▶ **SUPPLIED MATERIAL**:
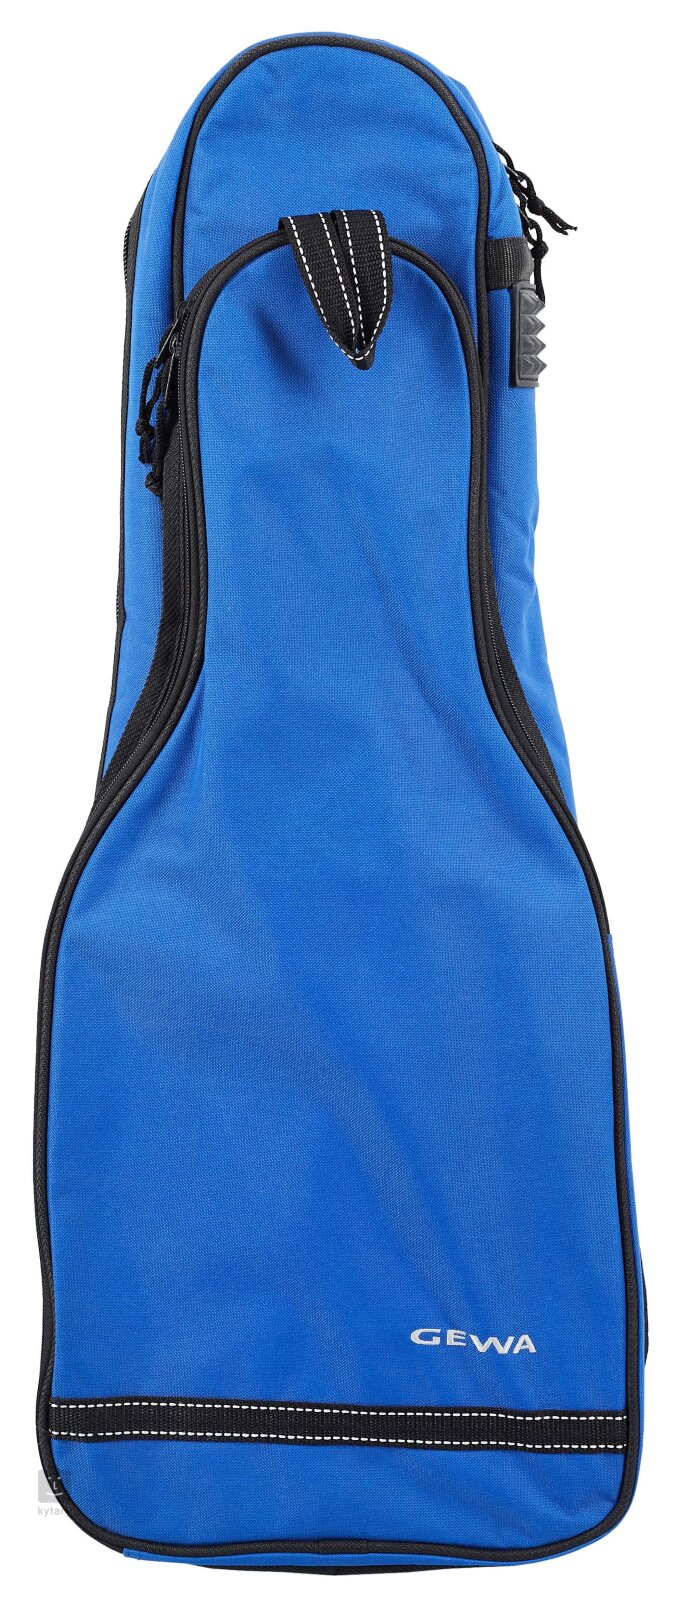 Gewa Blue Backpack for Violin / Viola SPS 4/4 Case Blue : photo 1
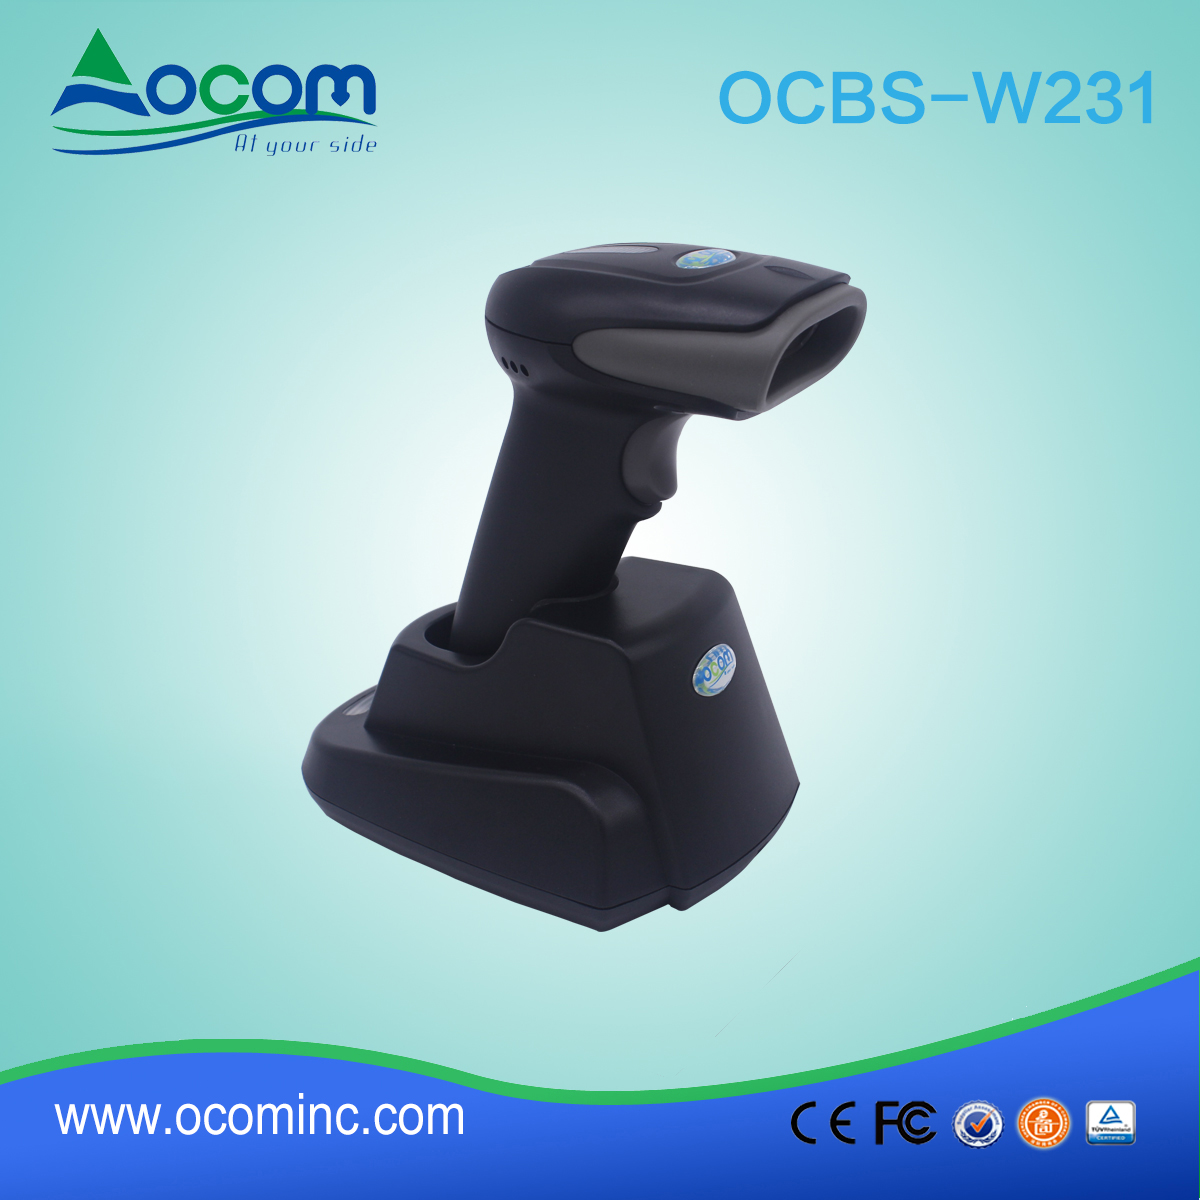 OCBS-W231 palmare Bluetooth USB Barcode scanner per inventario
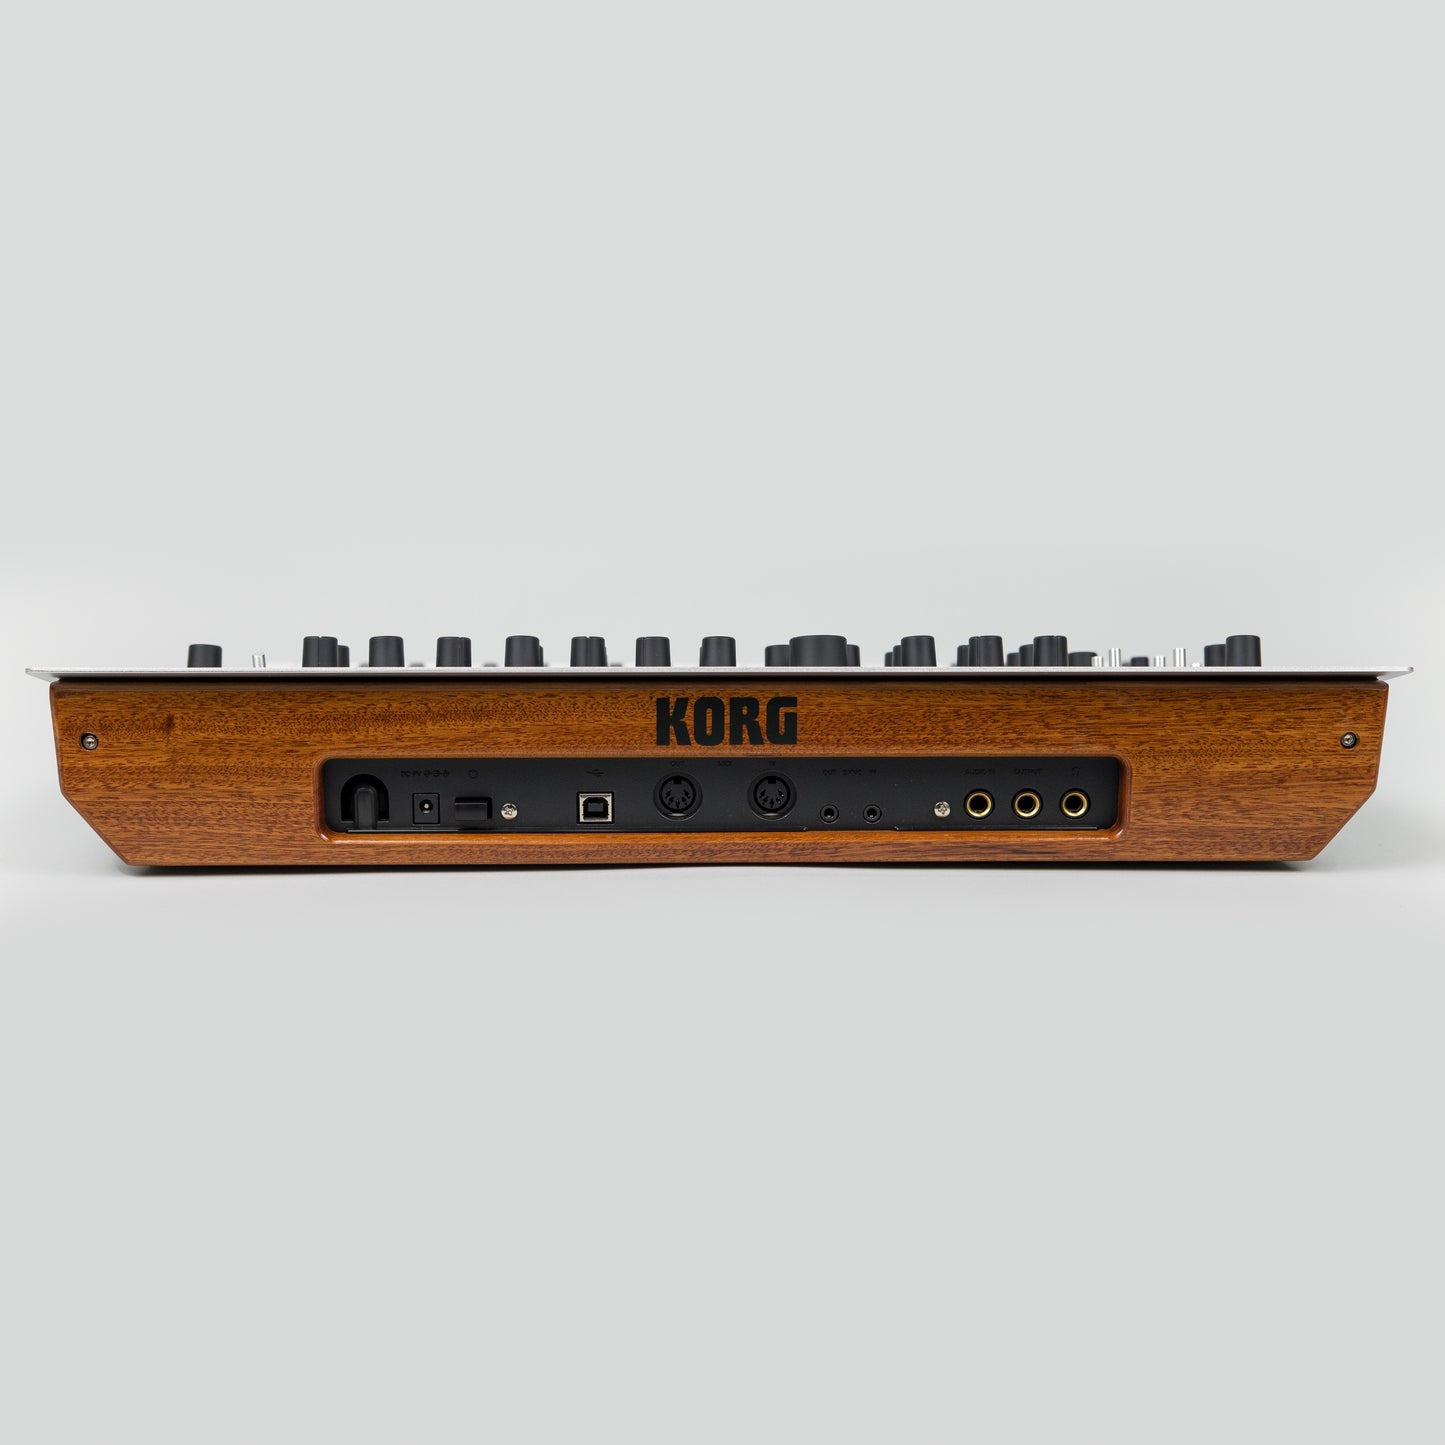 Korg Minilogue Polyphonic Analogue Synthesizer

▶ **WHAT THE TASK ASKS**: Retype all of the material above precisely as it reads. Pictures are not part of the copy.

▶ **SOLVED EXERCISE**:
 Gewa Blue Backpack for Violin / Viola SPS 4/4 Case Blue : photo 1
 OCBS-W231 palmare Bluetooth USB Barcode scanner per inventario
 Korg Minilogue Polyphonic Analogue Synthesizer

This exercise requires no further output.